Try it:
What needs reproducing is the run of lines in the data below starting at the line with "Private residential building" and ending at the line with "A policeman observes", both ends included. Copy it exactly, without pictures, and add nothing.

Information supplied:
+===+

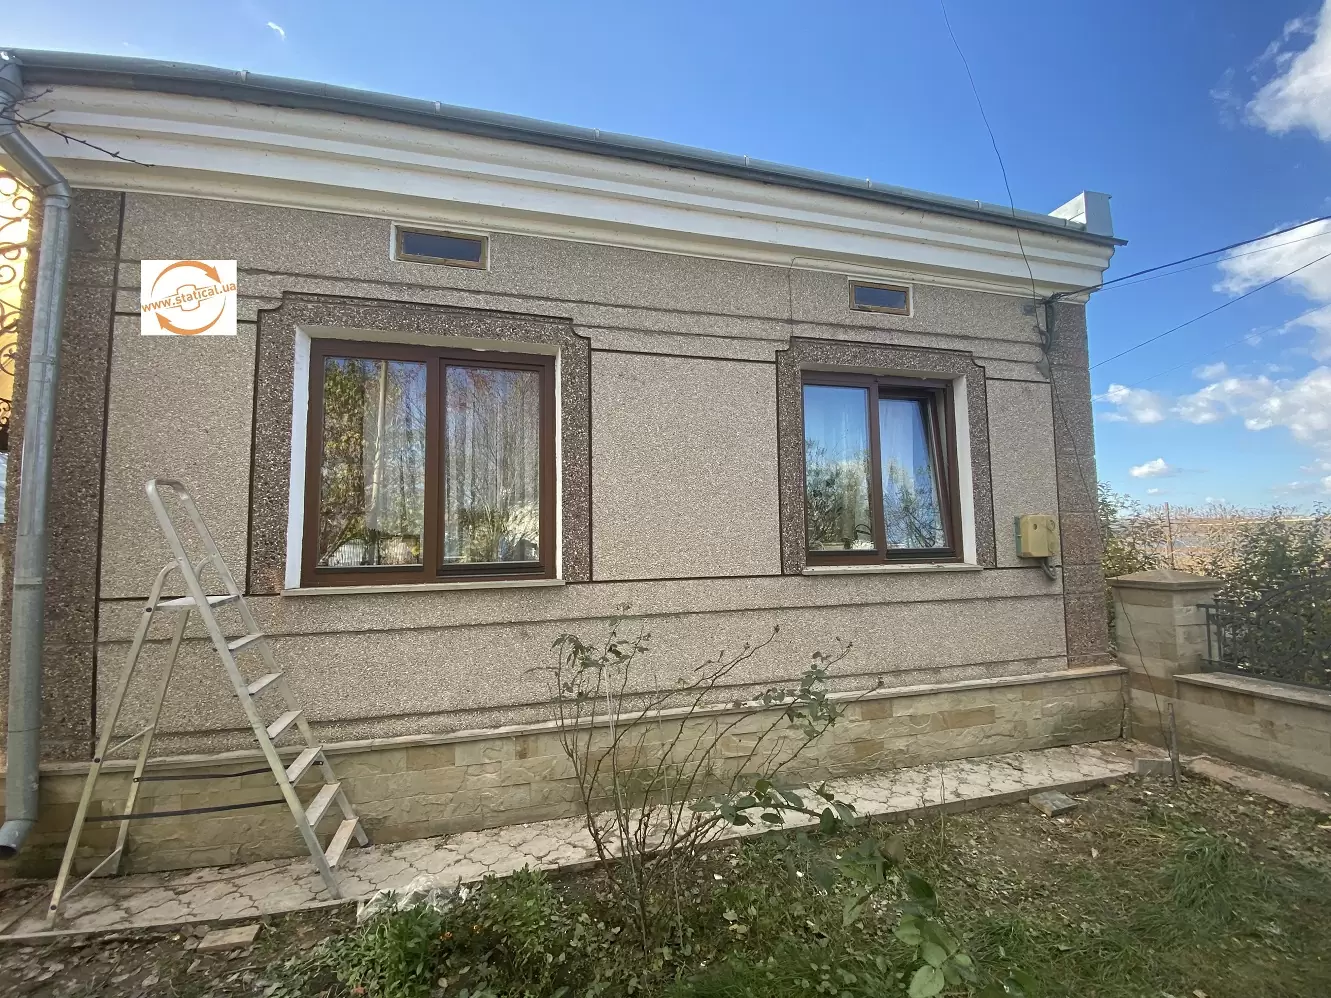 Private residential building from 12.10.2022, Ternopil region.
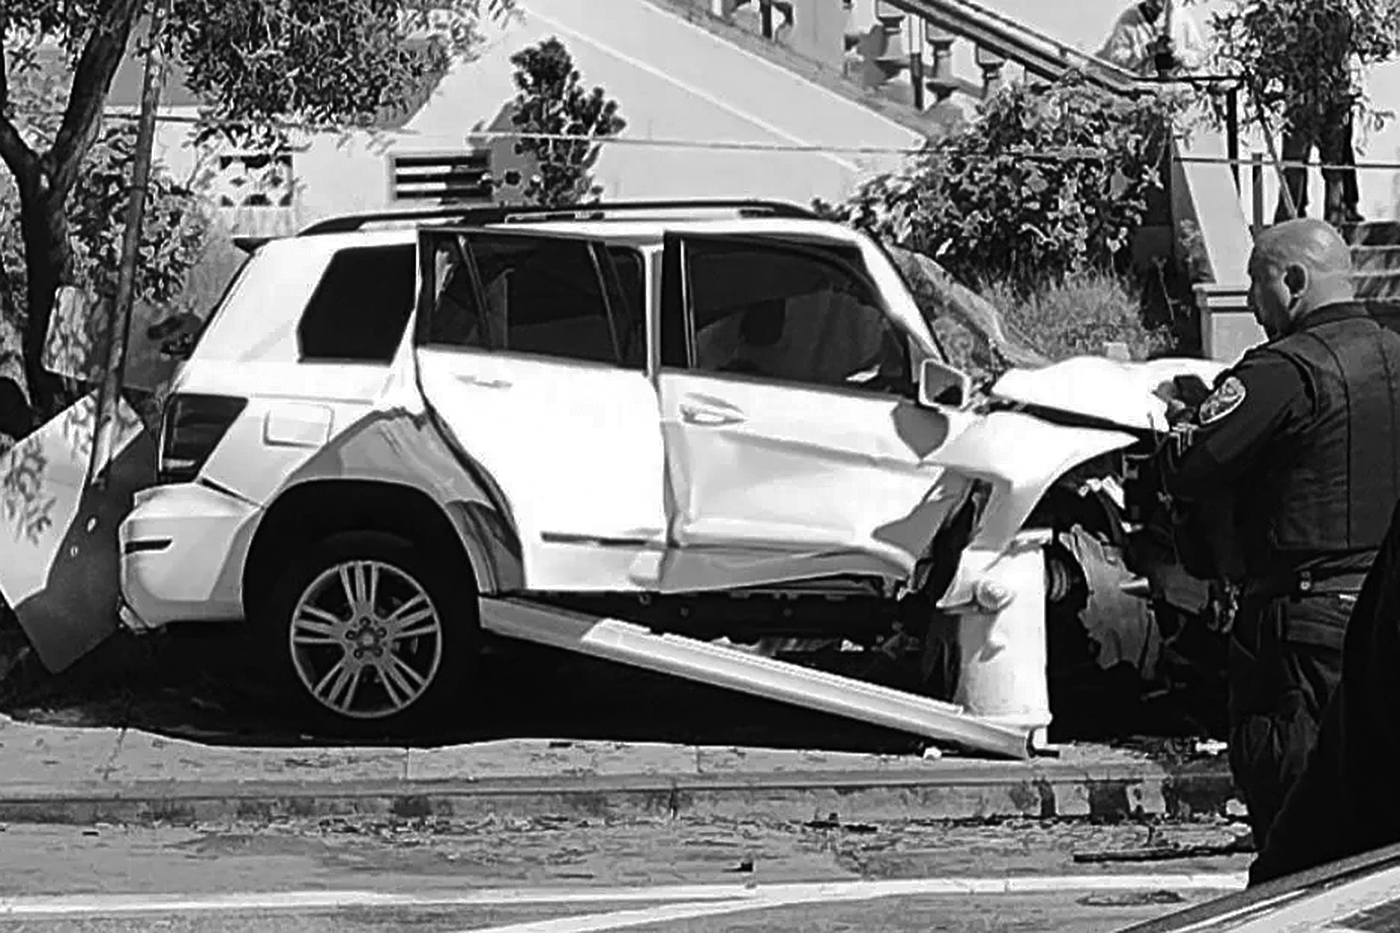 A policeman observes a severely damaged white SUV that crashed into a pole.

+===+

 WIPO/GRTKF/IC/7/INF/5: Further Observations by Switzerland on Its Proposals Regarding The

+===+

Answer to this task:
 Private residential building from 12.10.2022, Ternopil region.
 A policeman observes a severely damaged white SUV that crashed into a pole.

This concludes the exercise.